The 2015 Andy Murray tennis season began at the Australian Open. Murray was the defending champion at the Shenzhen, Vienna and Valencia Opens, but chose not to defend these titles. His season saw him reach seven singles finals, winning titles at Munich, Madrid, Queen's and Montreal, while he won eight singles and three doubles rubbers to help lead Great Britain to the Davis Cup title for the first time in 79 years.

Year in Detail

Australian Open Series and early hard-court season

Hopman Cup
At the beginning of the year Murray teamed up with Heather Watson in the Hopman Cup, where in the group stage they having won fewer sets and games than Poland, finishing second in their group. Murray and Watson lost the doubles match against Poland, however Murray went undefeated in singles, beating Benoît Paire, Jerzy Janowicz and Marinko Matosevic, each in straight sets.

Australian Open

Murray entered the first Grand Slam event of the year as the 6th seed, and began strongly as he defeated qualifier Yuki Bhambri, Australian Marinko Matosevic and João Sousa of Portugal without dropping a set. He followed this up by defeating 10th seed Grigor Dimitrov in four tightly contested sets, despite his opponent having served for the fourth set at 5–3; Murray won the last five games to seal the win, and make it through to the quarterfinals in Melbourne for the sixth straight year. In the quarterfinals, the Scot faced teenage sensation and home favourite Nick Kyrgios, in the Australian's second Grand slam quarterfinal in as many appearances. Murray made light work of his young opponent, and despite being broken towards the end of the third set, Murray made it through in straight sets to his 15th Grand Slam semifinal. He faced Tomáš Berdych for the first time since 2013, going into the match with a 4–6 disadvantage in their head-to-head. Despite losing the first set, Murray then dominated proceedings, taking the second set to love and ultimately winning in four sets to make it through to his fourth final at the Australian Open, his eighth career Grand Slam final appearance. Here he faced Novak Djokovic for his first Australian open title. However, he lost in four sets, which would be his fifth consecutive defeat to the Serb.

Rotterdam Open
Murray entered the Rotterdam Open as the first seed and won both his opening matches in straight sets against Nicolas Mahut and Vasek Pospisil. However, he lost at the quarterfinal stage in straight sets to Gilles Simon, who ended a 12 match losing streak to Murray.

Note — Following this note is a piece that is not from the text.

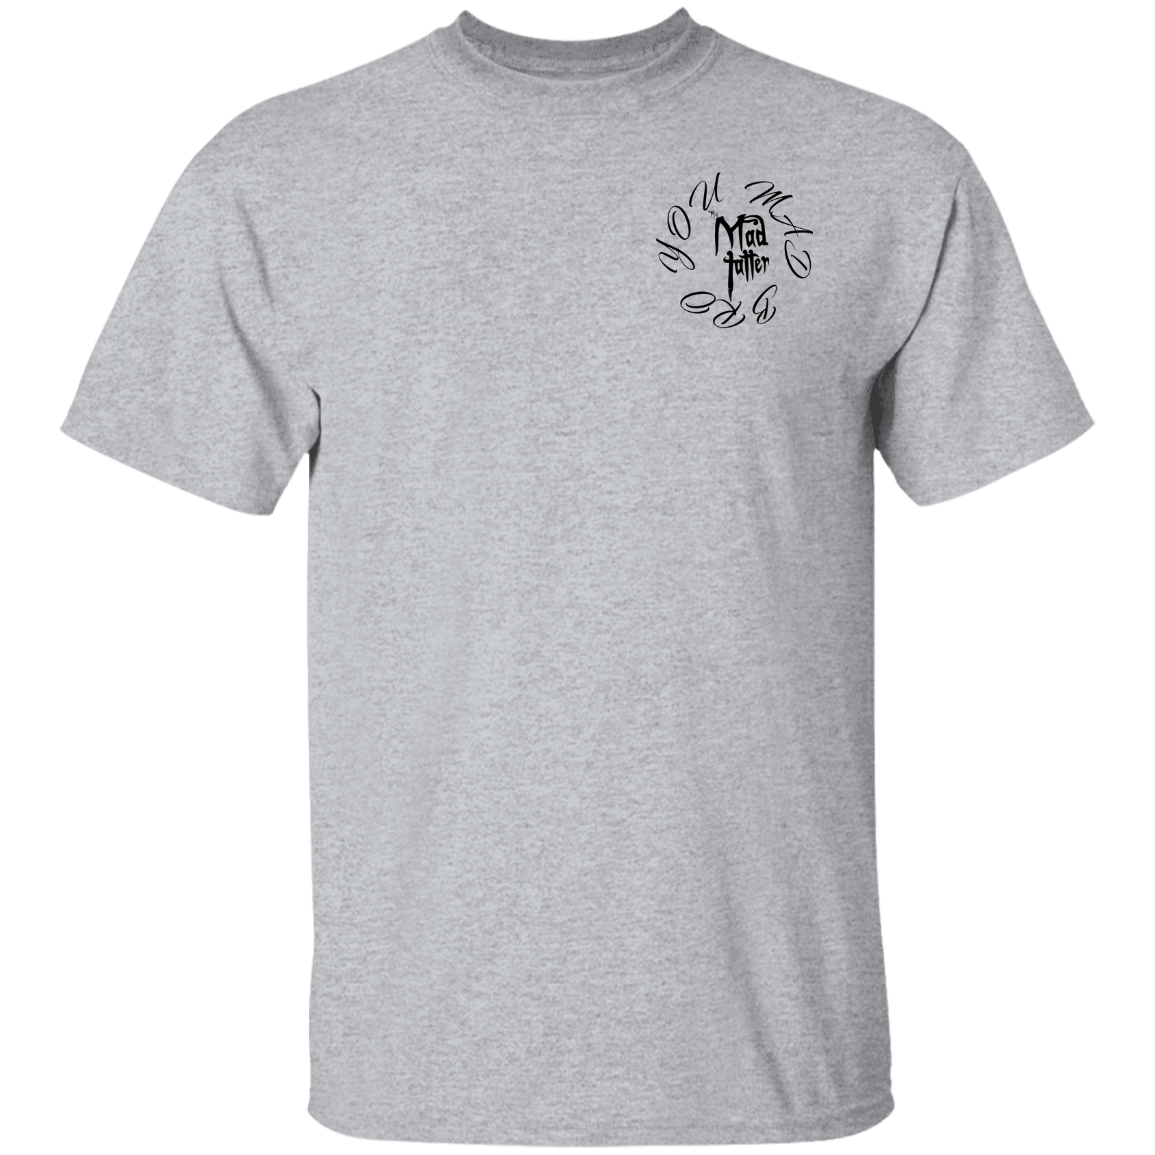 Space Weasel T-Shirt - Black Logo

Dubai Tennis Championships
Murray won his opening match in straight sets against Gilles Müller, then thrashed João Sousa for the loss of just two games to reach the quarterfinals. However, he got thrashed in the quarterfinal stage to Croatian teenager Borna Ćorić, winning just four games.

Davis Cup World Group First Round
Murray next played in the Davis Cup World Group First Round in Glasgow. He won his first match in four sets against Donald Young and then defeated John Isner in straight sets, despite Isner having set points in the first set. Those two victories, along with a five set marathon win by James Ward over Isner, allowed Great Britain to progress to the quarterfinals for the second consecutive time with a 3–2 lead over the United States.

Indian Wells
Murray beat Vasek Pospisil in straight sets, then defeated Philipp Kohlschreiber in three sets. He then won his next two matches in straight sets against Adrian Mannarino and Feliciano López (overtaking Tim Henman's record of 496 career wins to have the most career wins in the Open Era for a British man) but lost in the semifinal stage to Djokovic in straight sets.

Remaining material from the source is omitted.